The excess in 30-day HF readmissions for Black compared with White patients climbed from the first to the third neighborhood SDI quartile, the disparity peaking at 8.2 absolute percentage points.

Table. Hospital-Adjusted Risk Difference (Absolute %) in 30-Day HF Readmission Rates, Blacks vs Whites, by Neighborhood SDI Quartile

SDI Q1SDI Q2SDI Q3SDI Q4
4.05.58.25.4

A major criticism of the Hospital Readmissions Reduction Program (HRRP) component of the Affordable Care Act, Morris said in a Q&A discussion after her presentation, is that it can hold hospitals “responsible for structural inequalities that exist beyond the healthcare system,” including neighborhood deprivation.

“But public policymakers have to realize that there are certain patients we take care of who don’t have the resources to carry out the therapeutic lifestyle changes that will allow them to live healthy.”

The HRRP’s 30-day HF readmission metric that steers reimbursement “is penalizing healthcare systems across the United States” with its premise that hospital performance can be measured by 30-day HF readmission rates, Morris told theheart.org | Medscape Cardiology

“The reality is that some of these patients are going to a post-discharge environment that is inherently high-risk, and that many of them are going to come back to us within 30 days,” she said. “We would like to make sure that we don’t put excess penalties on healthcare systems that take care of disproportionate numbers of African Americans in neighborhoods that have fewer resources.”

Morris and Ferdinand have disclosed no relevant financial relationships.
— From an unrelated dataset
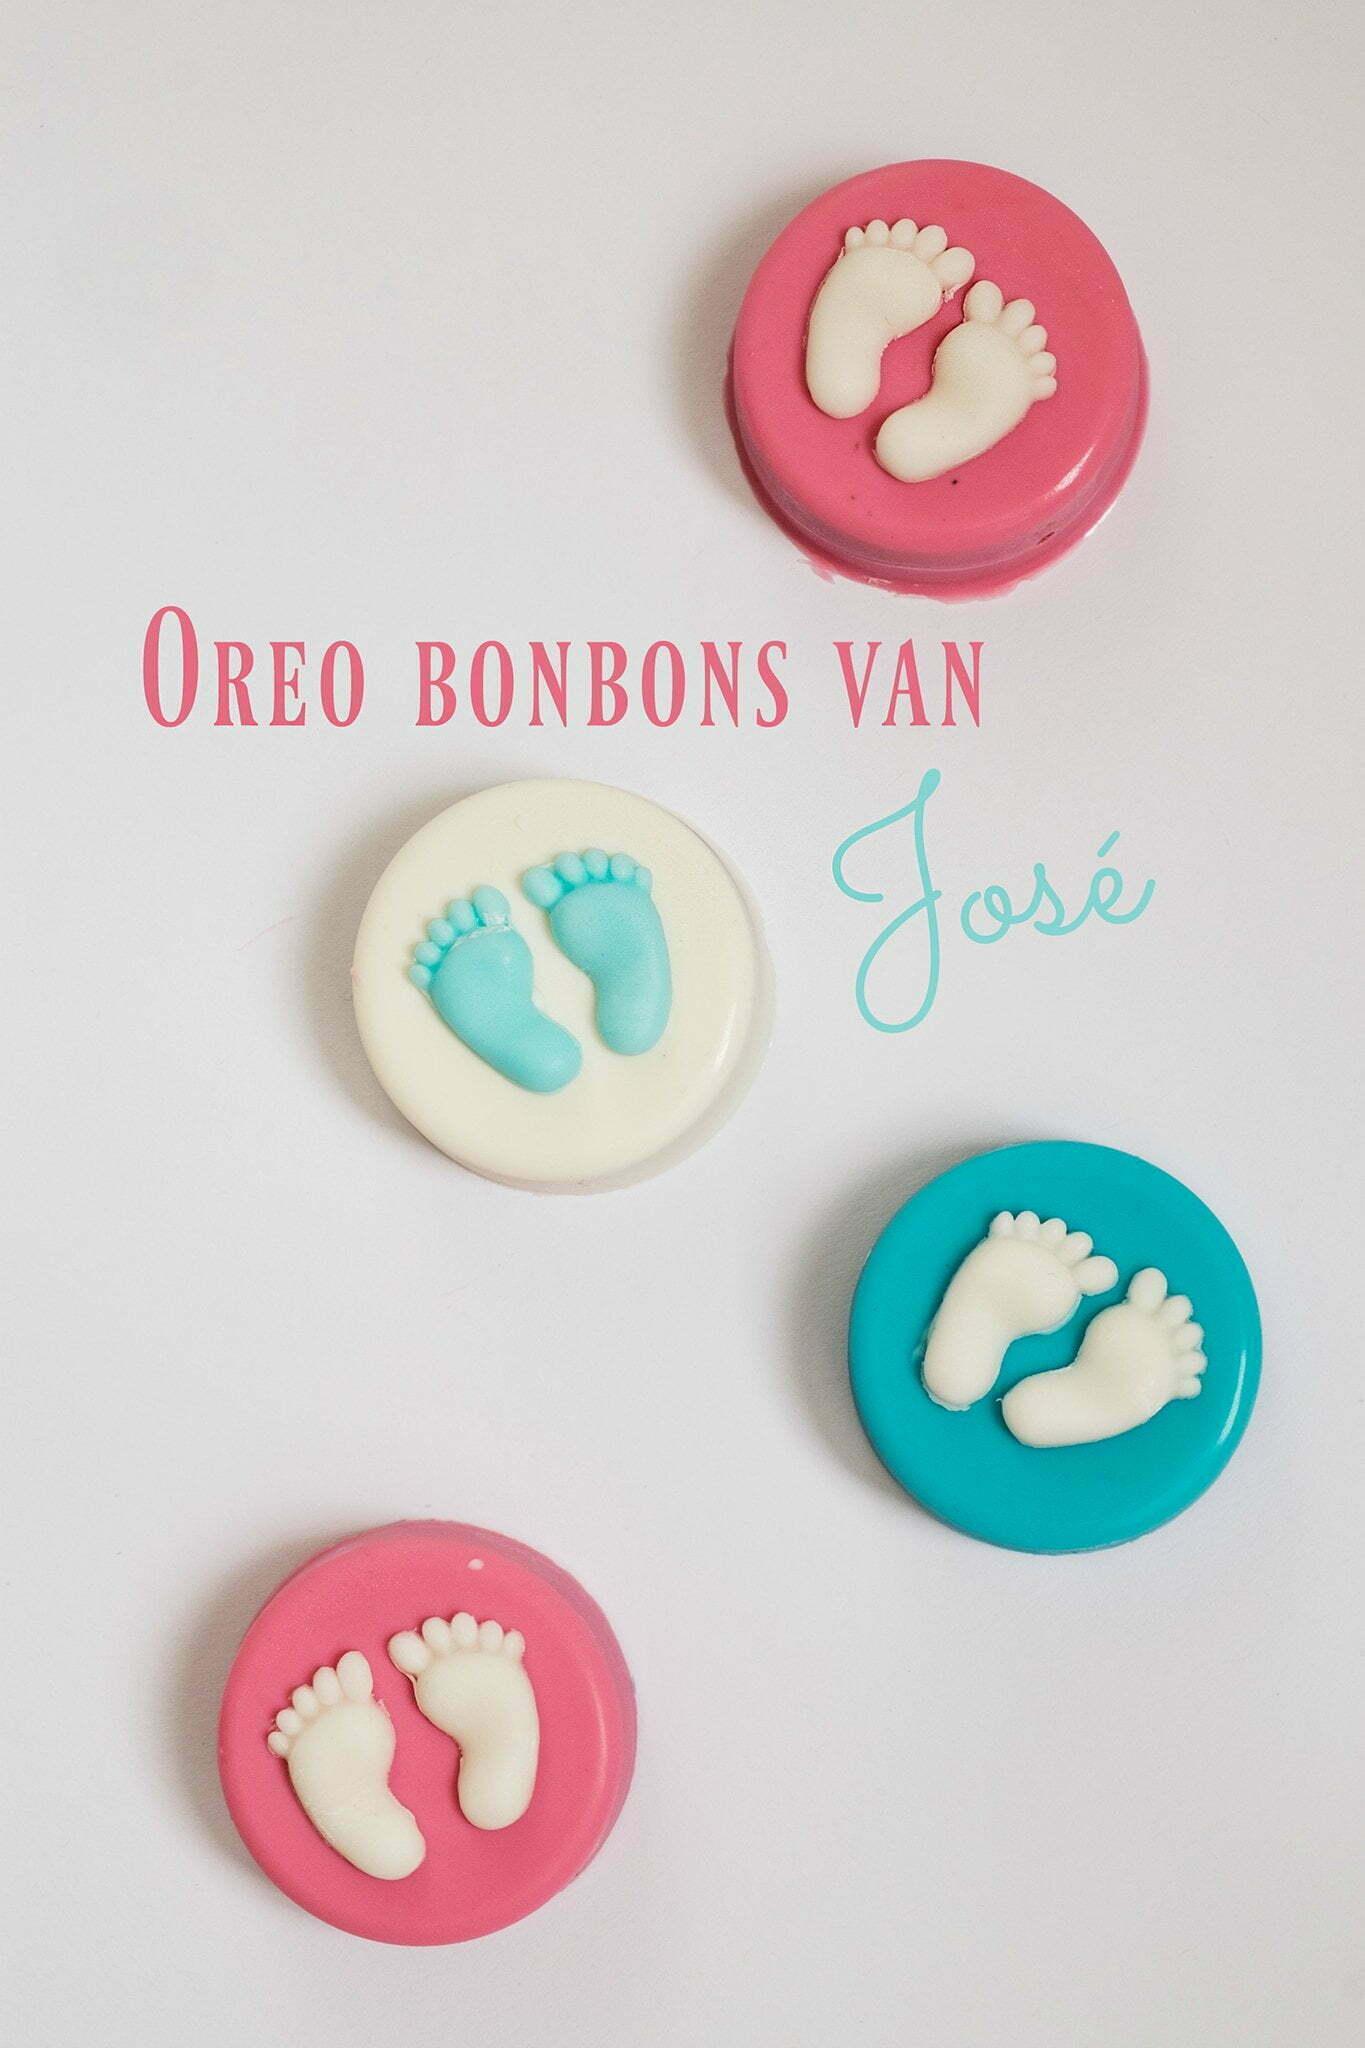 Hedendaags Oreo bonbons van José - Baby Gender Party - Gastblog 4 – ElsaRblog EU-54

Mehra discloses consulting or serving on an advisory board for Abbott, Medtronic, Janssen, Leviticus, NupulseCV, FineHeart, Portola, Bayer, the Baim Institute for Clinical Research, and Mesoblast.

Heart Failure Society of America Virtual Annual Scientific Meeting 2020: Late Breaking Clinical Trials I. Excess 30-Day Heart Failure Readmission In Blacks Increases With Neighborhood Deprivation. Presented October 3, 2020.